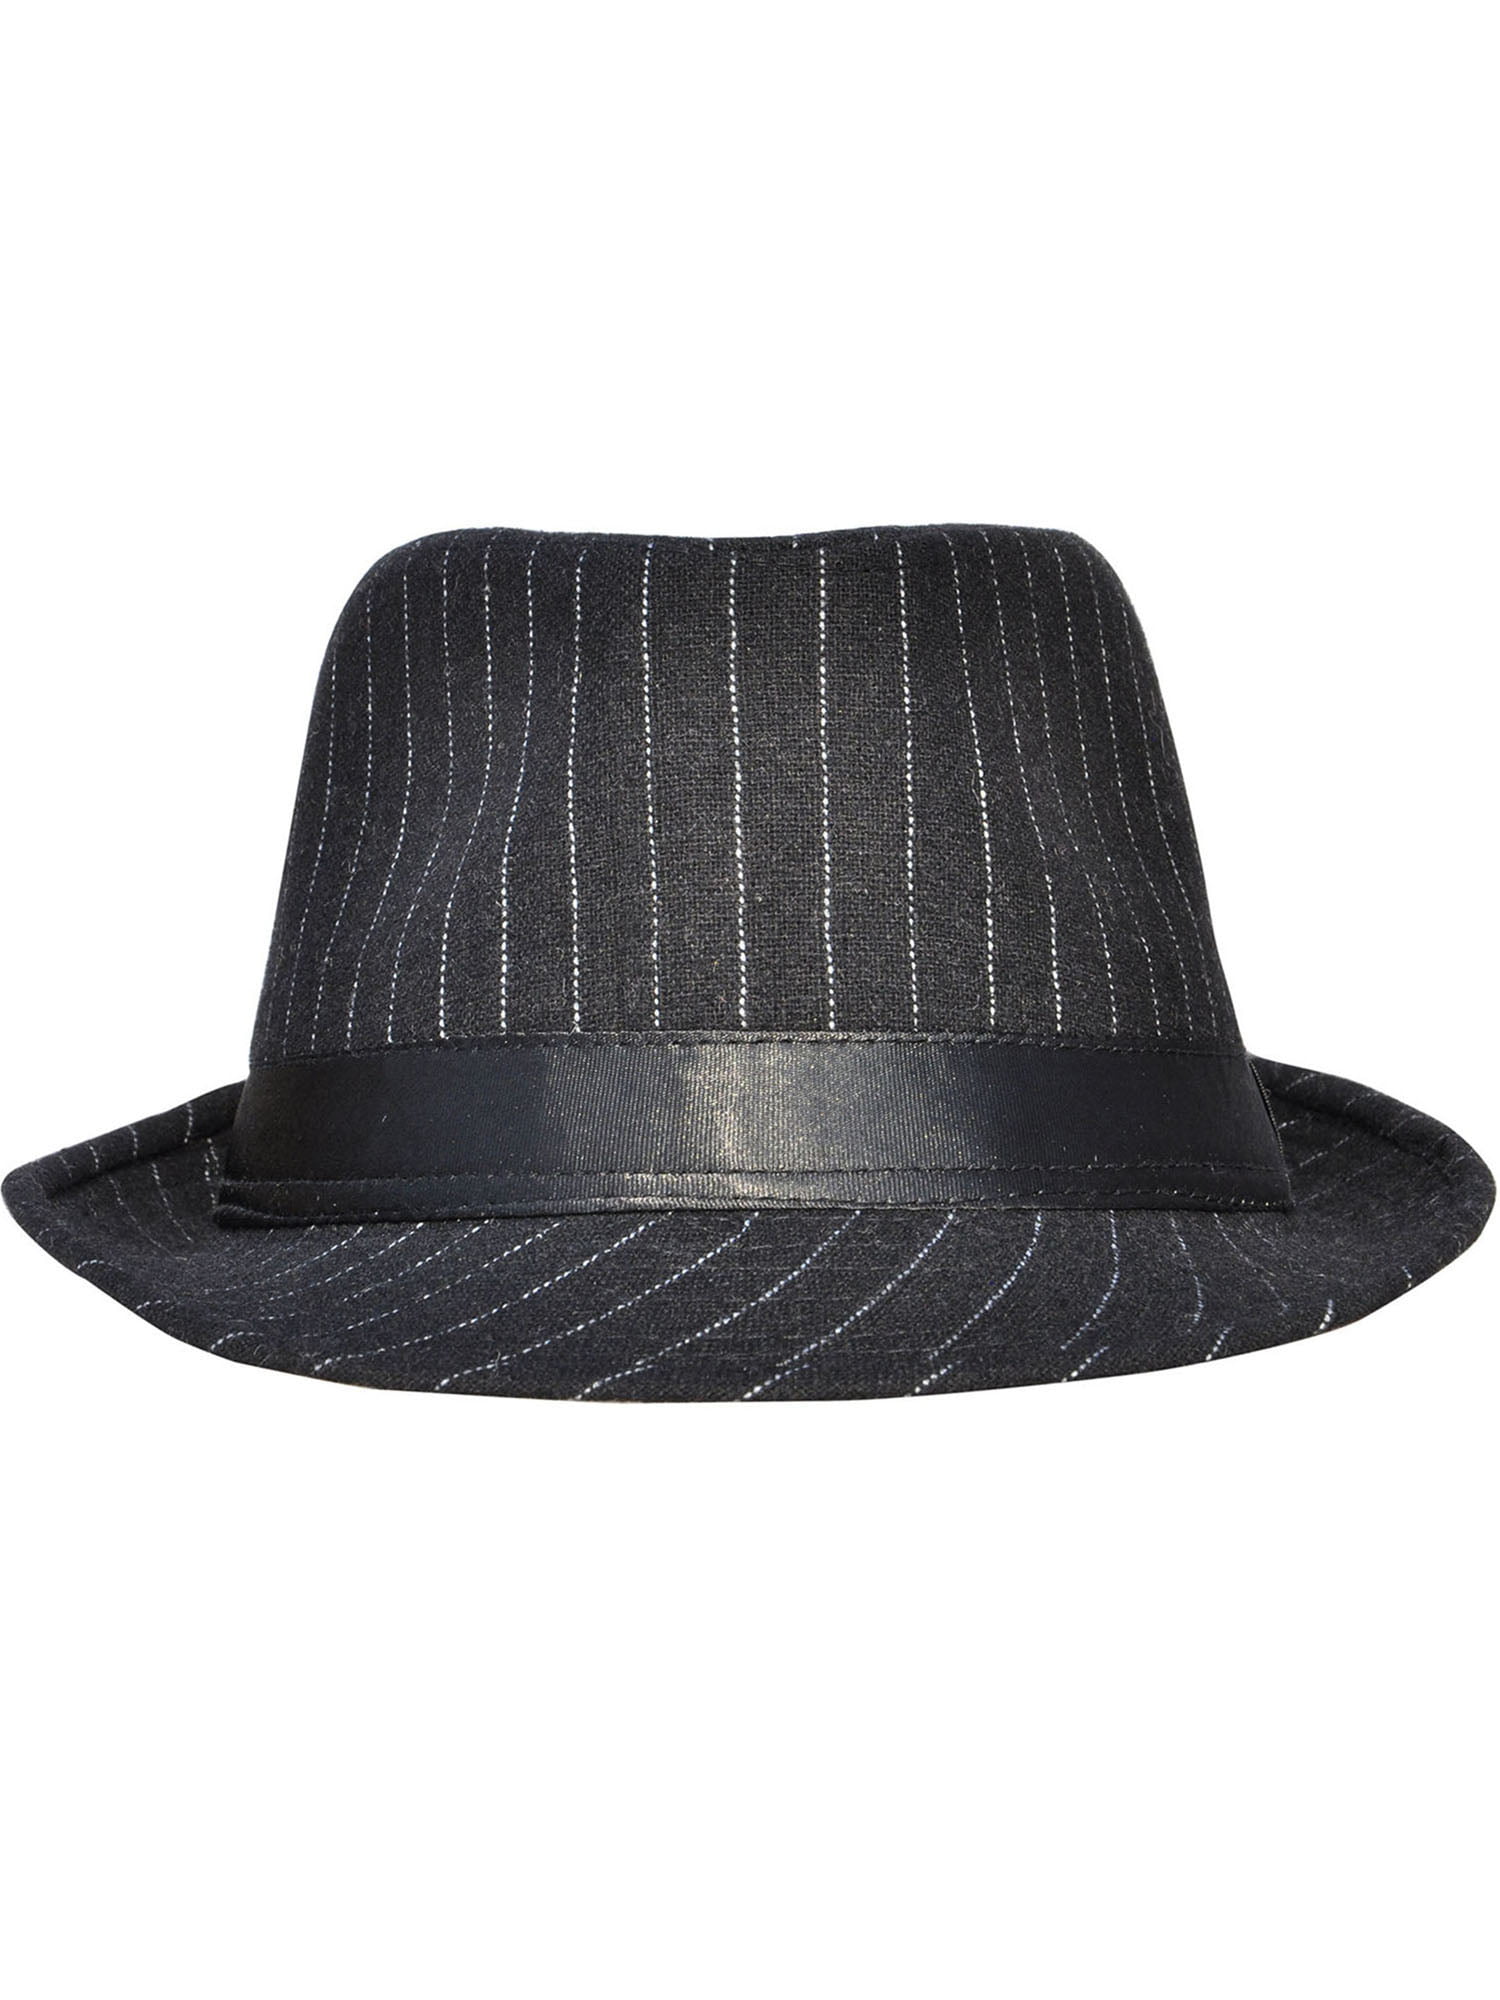 Black Ladies Womens Mens Unisex Pinstripe Trilby Hat with Matching Stripy Band 
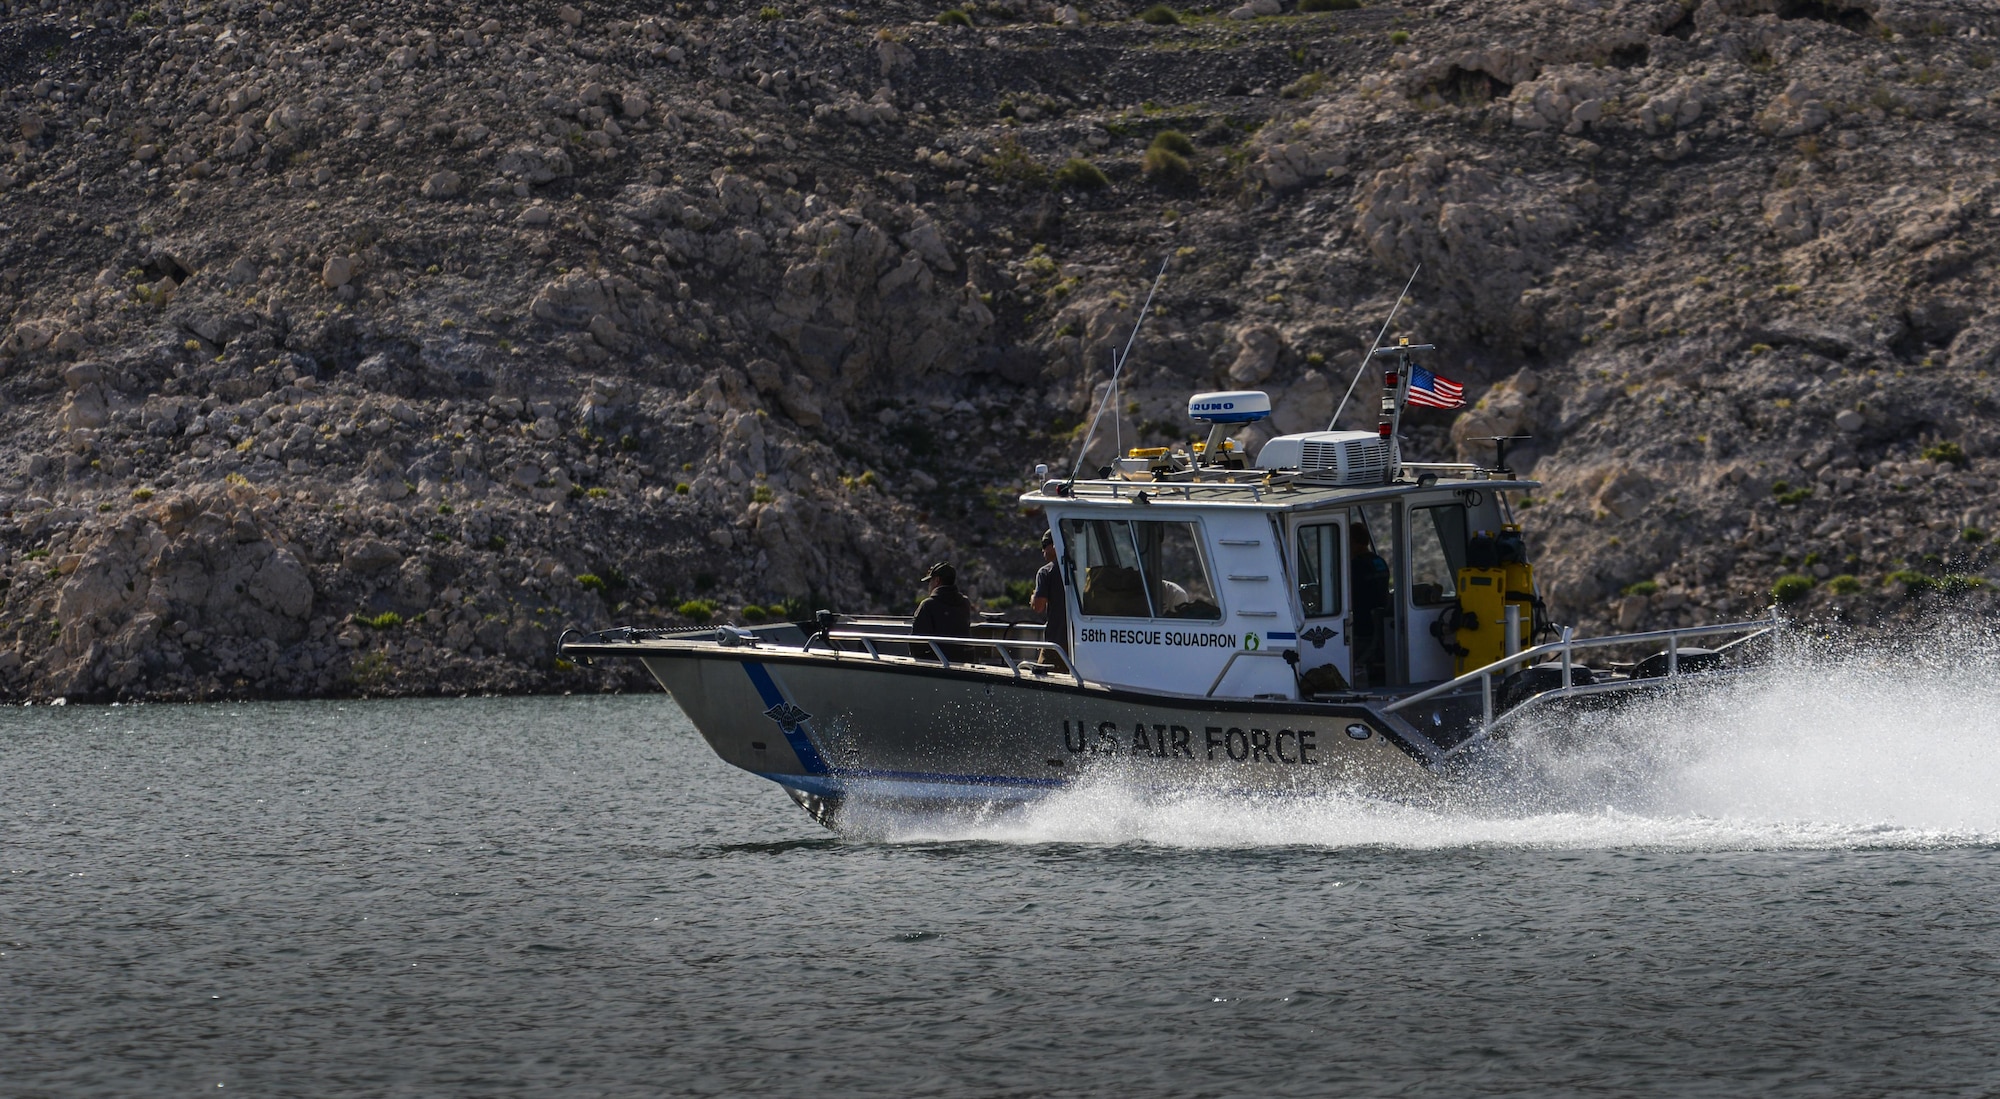 A Nellis Air Force Base, Nevada, 58th Rescue Squadron boat speeds across the water during a training exercise at Lake Mead, March 15, 2016. The boat picked up Pararescuemen after preforming static line jumps out of a C-130. Pararescue teams assault, secure, and dominate the rescue objective area utilizing any available DOD or Allied, air, land, or sea asset. (U.S. Air Force photo by Airman 1st Class Kevin Tanenbaum)
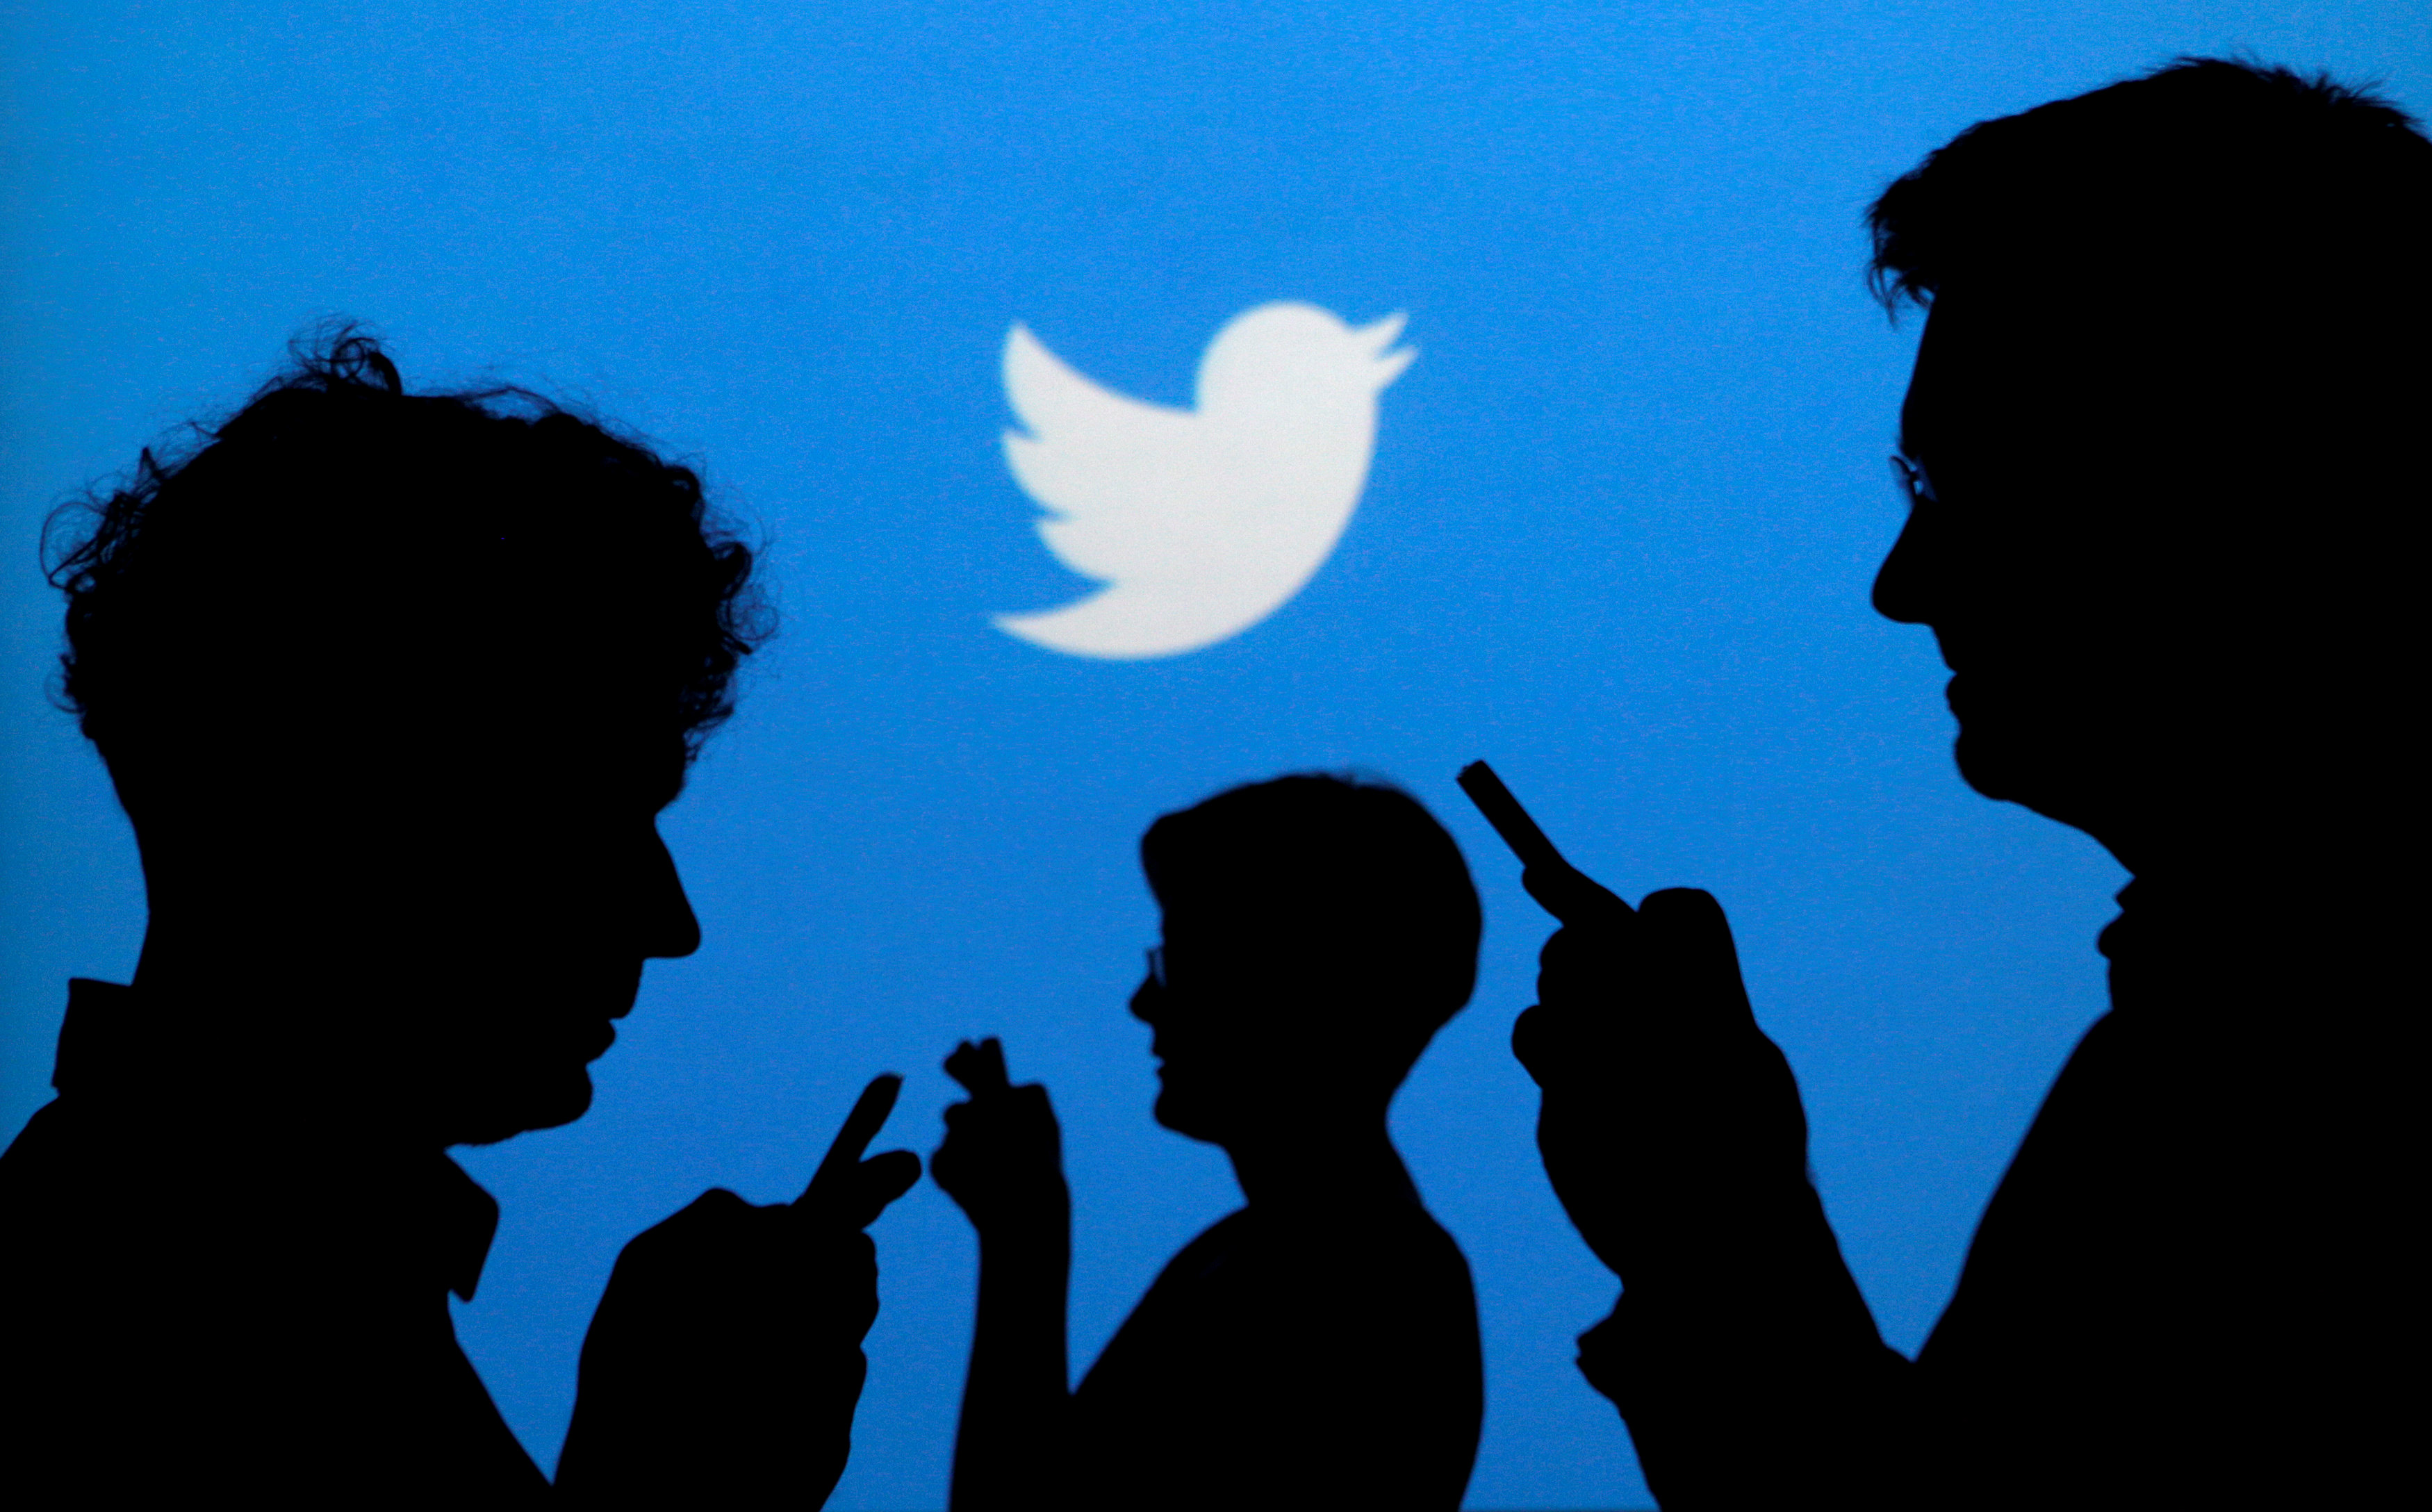 In Japan, Twitter sees a surge of users and revenue

> _About this exercise_
A verbatim copy of the listing is required, with all pictures left out.

> _Solved exercise_
 Black Ladies Womens Mens Unisex Pinstripe Trilby Hat with Matching Stripy Band 
 A Nellis Air Force Base, Nevada, 58th Rescue Squadron boat speeds across the water during a training exercise at Lake Mead, March 15, 2016. The boat picked up Pararescuemen after preforming static line jumps out of a C-130. Pararescue teams assault, secure, and dominate the rescue objective area utilizing any available DOD or Allied, air, land, or sea asset. (U.S. Air Force photo by Airman 1st Class Kevin Tanenbaum)
 In Japan, Twitter sees a surge of users and revenue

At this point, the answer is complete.